После душа меняю рубашку. По настоянию жены я всегда храню на работе свежую рубашку, и вот — пригодилась.

Захожу к Амирану. Он протягивает мне сегодняшний номер нашей газеты. На четвёртой полосе некролог с фотографией. После ретуши Толя не похож на себя. Вторую полосу открывает материал под призывным заголовком; «Работать лучше!» Под ним подпись в рамке «А. Ножкин», «Работать лучше!» — то самое серо–буро–малиновое, что получилось из фельетона о строительстве Дворца муз. Амиран разводит руками: «Шеф приказал в один номер с некрологом…»

Половина десятого. Пора на случку.

Пятиминутки обычно продолжаются у нас часами. Привычно изучаю трещину на потолке. Она почти незаметна, но если ежедневно смотреть в одну точку…

Наконец дело доходит до меня. Сообщаю о ситуации вокруг строительства Дворца, предлагаю готовить критический материал.

— Но мы только что выступили в совершенно ином ключе, — редактор тычет пальцем в сегодняшний номер. — Газета не флюгер. Мы не можем постоянно менять своё мнение.

— Даже когда предыдущее мнение ошибочно?

— Предыдущее мнение — мнение Толи. Нельзя так легко поступаться памятью умершего товарища!…

Пауза. У редактора ходят желваки на скулах; он понял, что сказал глупость, но на попятную не пойдёт. Да и я не дам ему сделать это.

— А если вам позвонит Г. В. и попросит изменить своё мнение, вы тоже откажетесь?

Шеф не знает, как реагировать.

— Вы забываетесь!… Вы… вы пьяны!…

Все прячут глаза.

— Вы убили Толю, — говорю я тихо: каждое слово — выдох.

Редактор потрясён. Он беспомощно озирается, бормочет:

— Что он говорит? Что он говорит?…

Он не может, не хочет понять, что происходит.

— Вы и такие, как вы, убили Толю, — повторяю я.

Шеф лихорадочно роется в карманах. Достаёт трубочку нитроглицерина.

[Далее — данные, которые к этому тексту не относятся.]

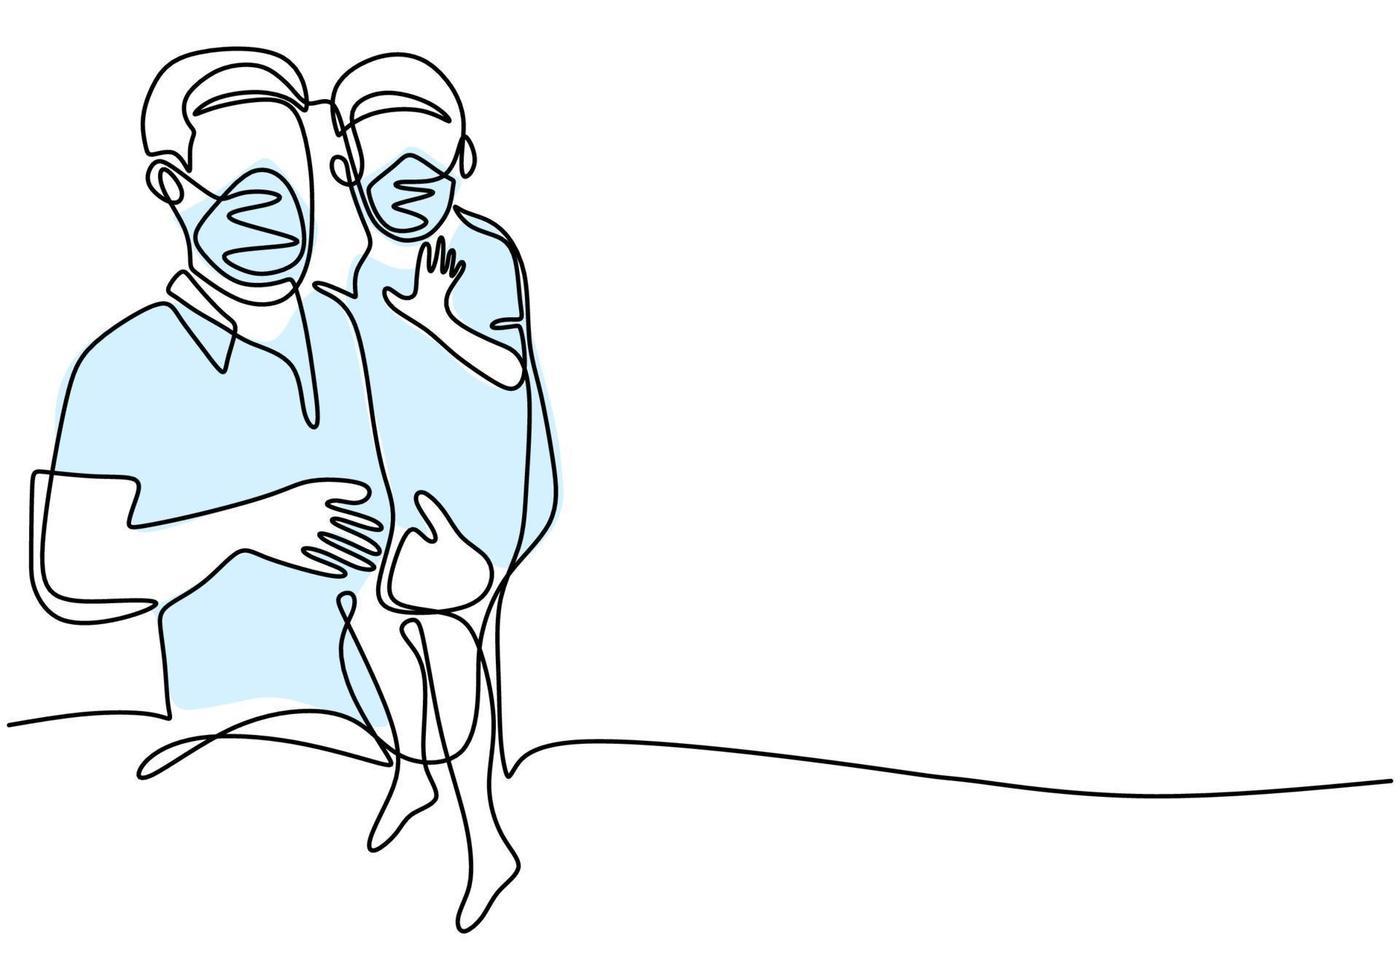 contínuo um desenho de linha pai e filho. papai e seu filho com máscara protetora para evitar a infecção do vírus. acostume-se a viver limpo e saudável em um novo normal. covid19. ilustração vetorial vetor
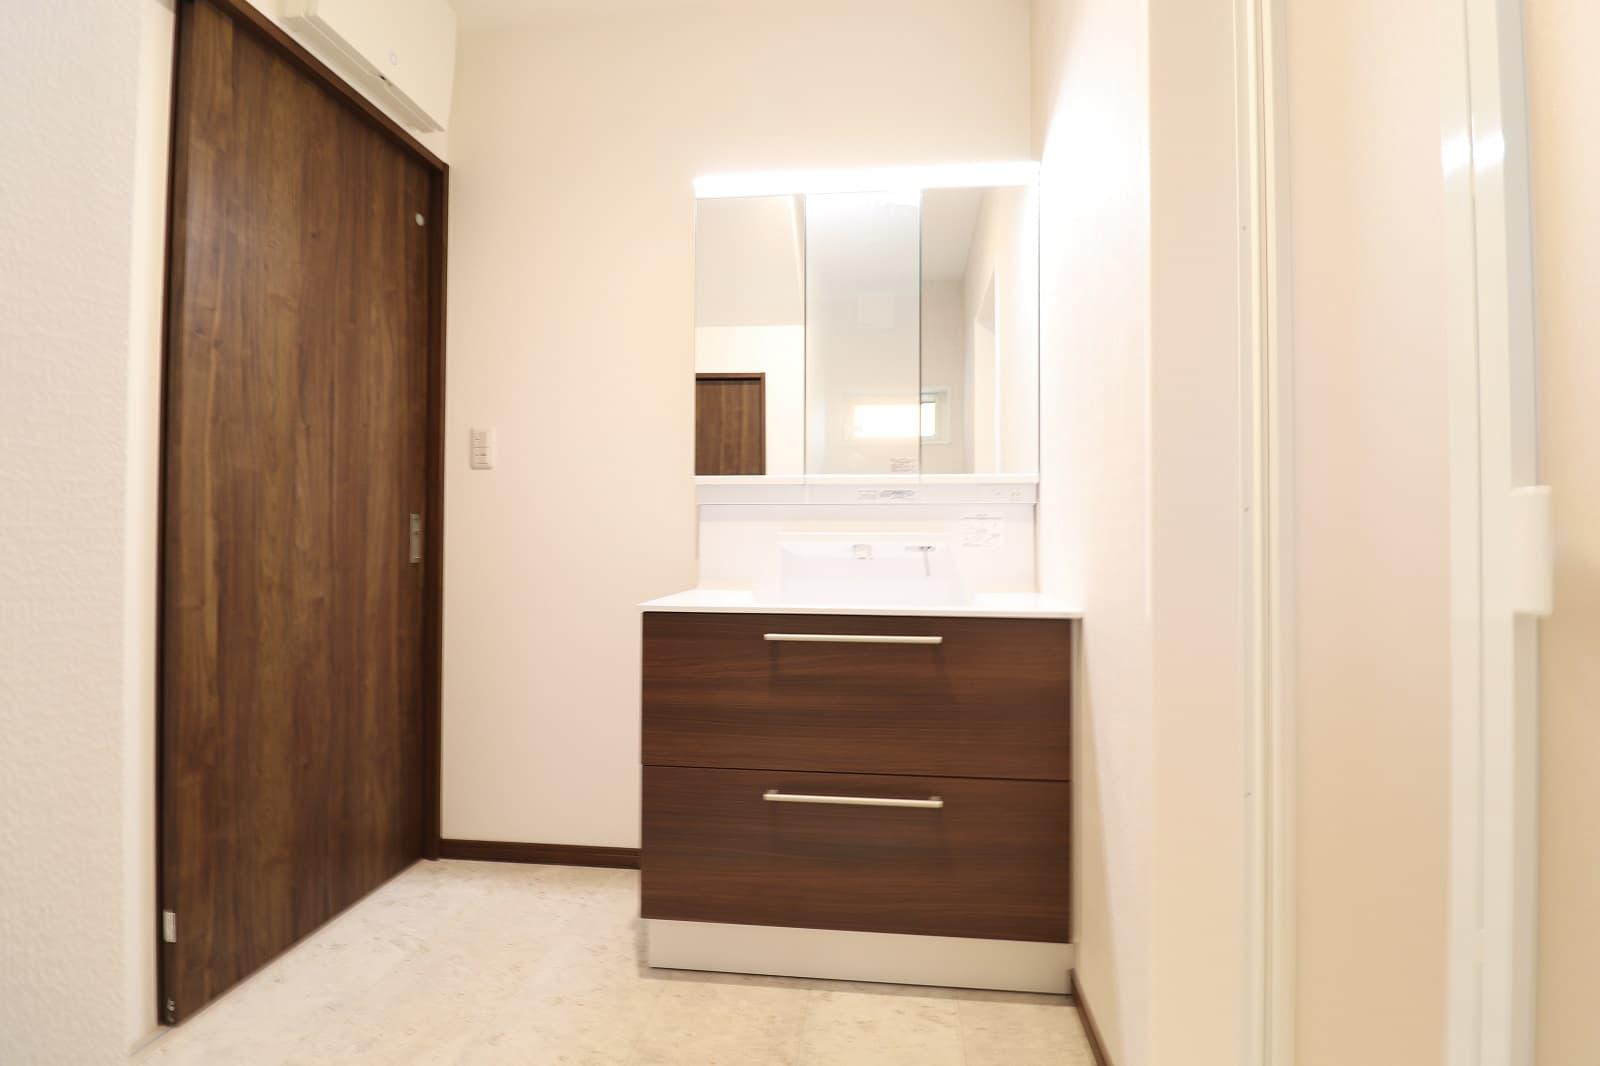 高松市六条の新築分譲住宅収納充実の洗面化粧台

— Выйди, — говорит мне Олег, заместитель редактора.

Я мотаю головой.

— Я прошу тебя, выйди.

Редактор дрожащей рукой извлекает таблетку. Выхожу.

Стою в коридоре уверенный: сейчас ребята скажут ему всё, что думают, и тоже окажутся здесь. Но проходит минута, пять, десять — никого. Бреду к себе. Через полчаса звонит Олег и просит зайти.

У него набито народу.

— Безумству храбрых поём мы славу, — встречает меня Олег.

— Громко вы все её пели в редакторском кабинете…

— Ты требуешь от нас массового героизма. А это явление нечастое.

— Ага, он, как тот крысолов, — добавляет Шурик. — Дудит в свою дуду и зовёт нас топиться, а мы, помня, что редактор одной ногой на пенсии, топиться не хотим.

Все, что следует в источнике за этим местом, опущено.